Ömer Koray Özbay’ın intihar vakası ile birlikte APH konu ile ilgili 3 haber yaptı. Bu üç haberlere gelen bir yorum bu yazımdaki ilk görselin altında yer alıyor. Sonrakilere bakmadım. Bu anlamda başka yorum da bulamadım.
Lütfen bir bakın. Facebook’a bir bakın. Ve de THY’ de yıllarca önce birlikte çalıştığımız ve kaybettiğimiz arkadaşlarımızla ilgili defin törenlerinden sonra ve anma günlerine gelen notları okuyun. Yüzlerce kişi kardeşlerimizin dostluklarından bahsediyor, rahmet dileğinde bulunuyor, nur içinde yatmasını temenni ediyor. Ben ® Koray için de böyle olmasını bekliyordum.
Koray kardeşimizle ilgili ilk habere gelen ilk yorumun “yurt dışı görevlilerin maaşları ile ilgili olması tiksindiriciydi”. Yorumu ister arka bahçedekiler yapsın ister ön bahçedekiler. Ben yanılabilirim ama bu yorumun ön bahçedekiler tarafından yapıldığını düşünüyorum.
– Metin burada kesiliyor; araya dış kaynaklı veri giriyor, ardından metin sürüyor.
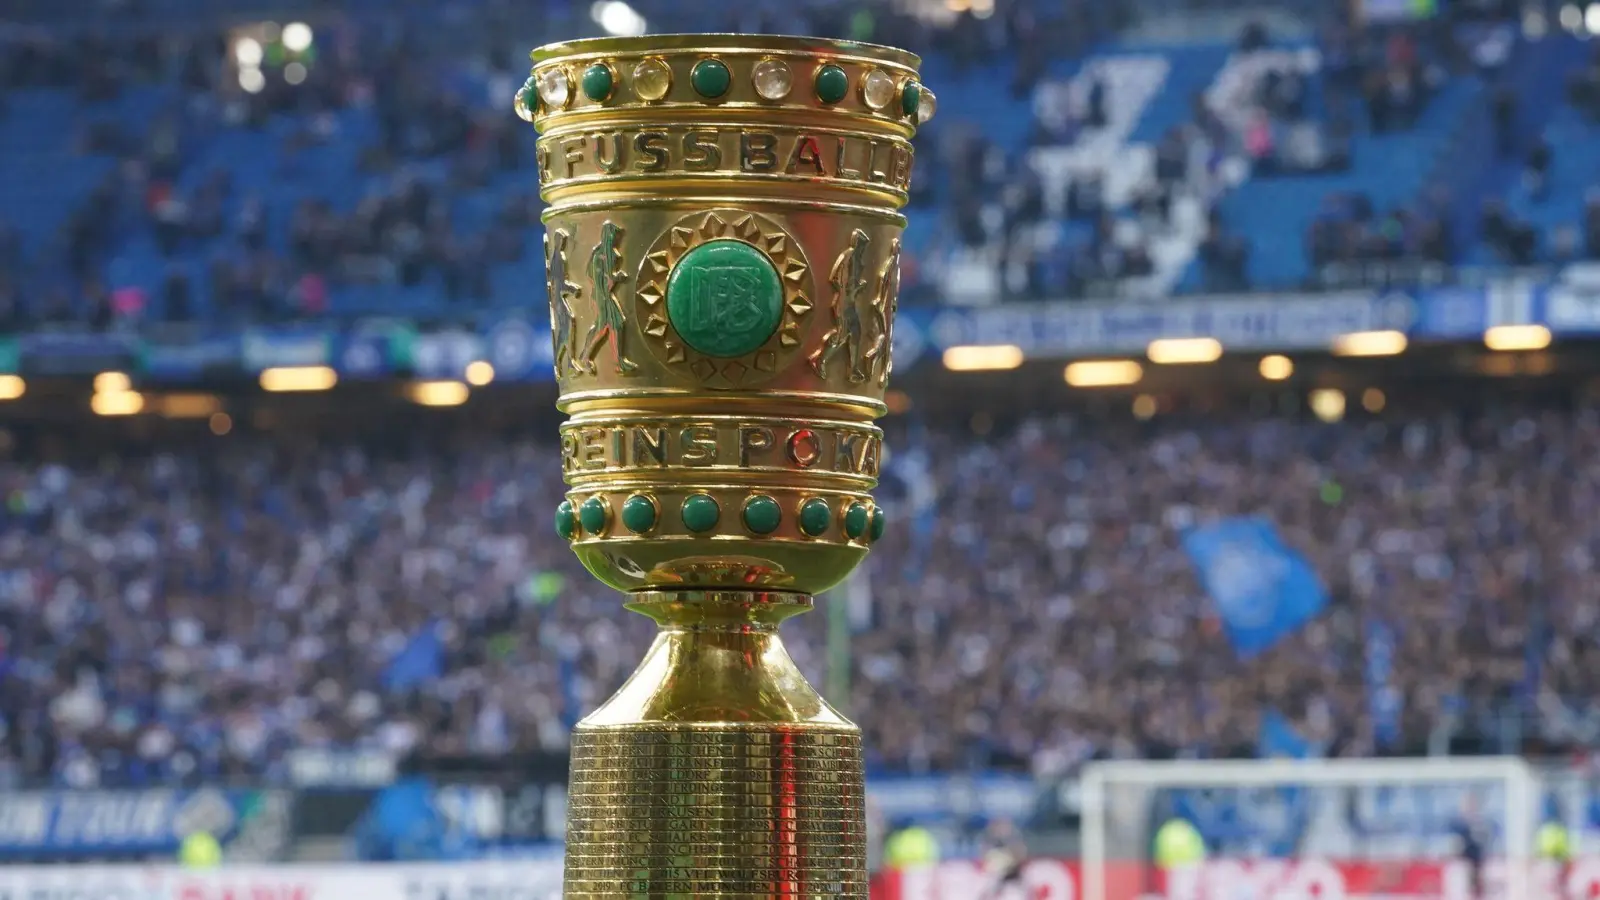 Der DFB-Pokal steht auf einem Podest im Stadion. (Foto: Marcus Brandt/dpa/Symbolbild)
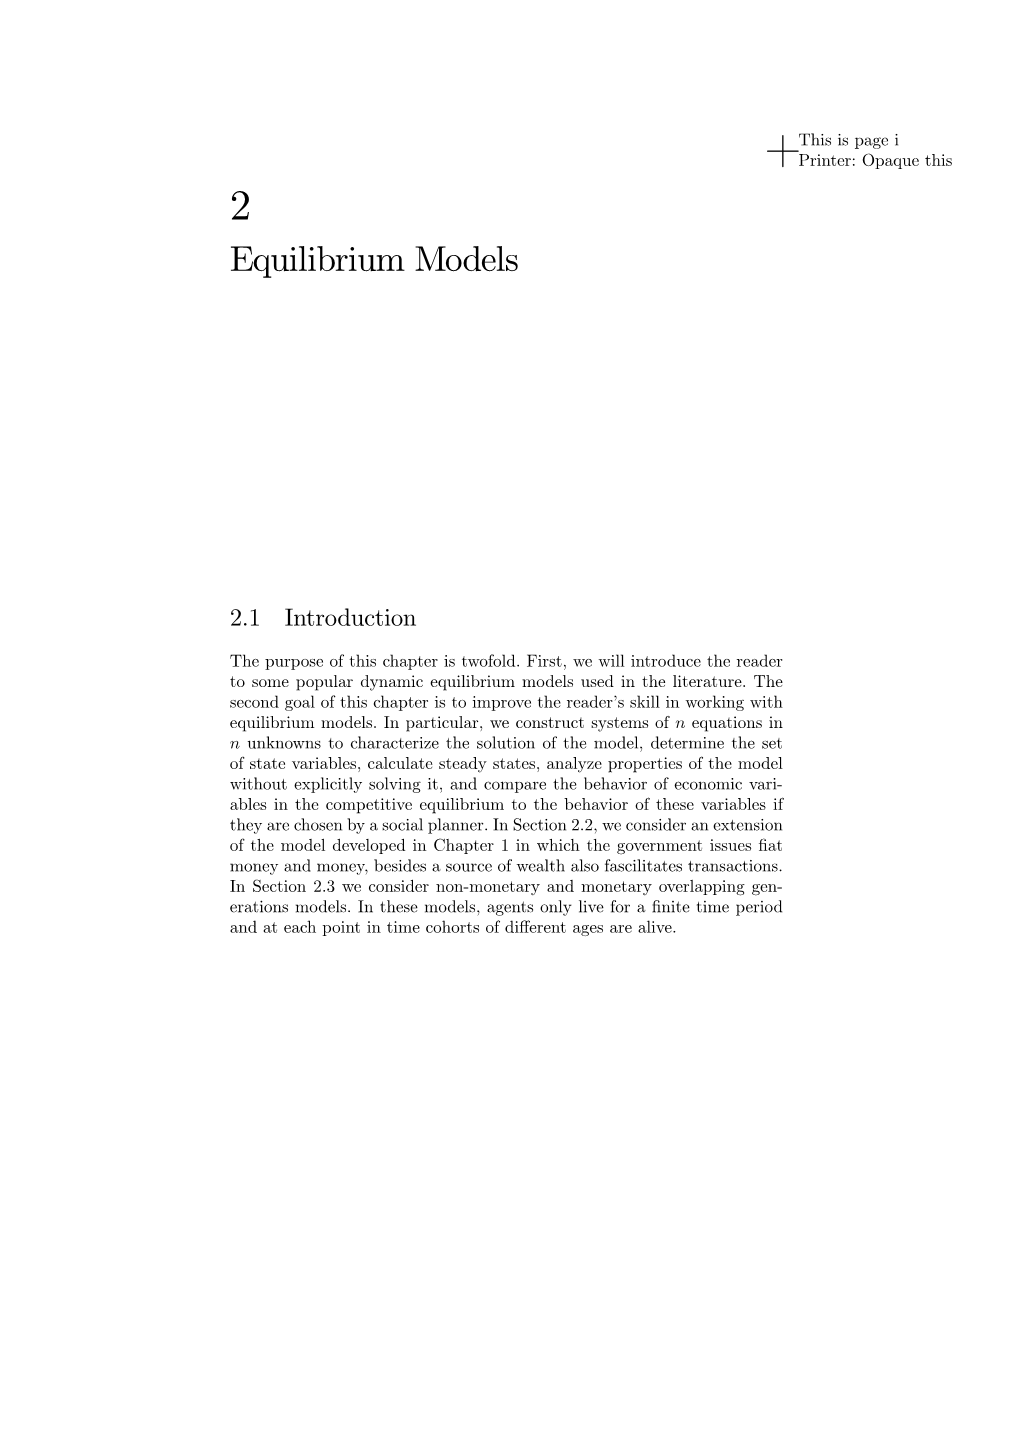 Equilibrium Models

Nedeni basit THY’ nin yurt dışı personelinin, yurt içindekilerle aynı maaşı alması(?) TGS mensuplarını ilgilendiren bir husus değil ki.
Kardeşimizin cenazesine Airporthaber ve çalışanlarını temsilen iştirak eden Ali Kıdık beye teşekkür ediyorum. Bu arada kendilerinden Koray’ın cenazesine TGS’ de görev yapan arkadaşlarının da katılmış olduklarını da öğrendim. Çok mutlu oldum. Sağ olsunlar. Var olsunlar. Bir teşekkürüm de eski bir çalışanı olan Ömer Koray Özbay’ın acılı ailesini “Bu üzücü konuda bizim hukuki ve vicdani bir hatamız yok, bizden ayrılalı 4-5 sene oldu” diye düşünmeksizin bir anlamda yalnız bırakmayan TGS’nin kadirşinas yöneticilerine.
BU DEFA İNANMAK İSTİYORUM Kİ TÜRK HAVA YOLLARI BU KONUNUN, İNCELEMENİN SONUCUNU KAMUOYU İLE PAYLAŞSIN. BU ZORUNLULUĞU 9000 KM. UZAKTAN UYDURULUP İKİ GÜNDE BURALARA KADAR ULAŞAN MASALLARA HEMEN İNANMADAN VE DE ONLARIN ARKASINA SIĞINMADAN HİSSETSİN VE DE GEREĞİNİ DÜŞÜNSÜN.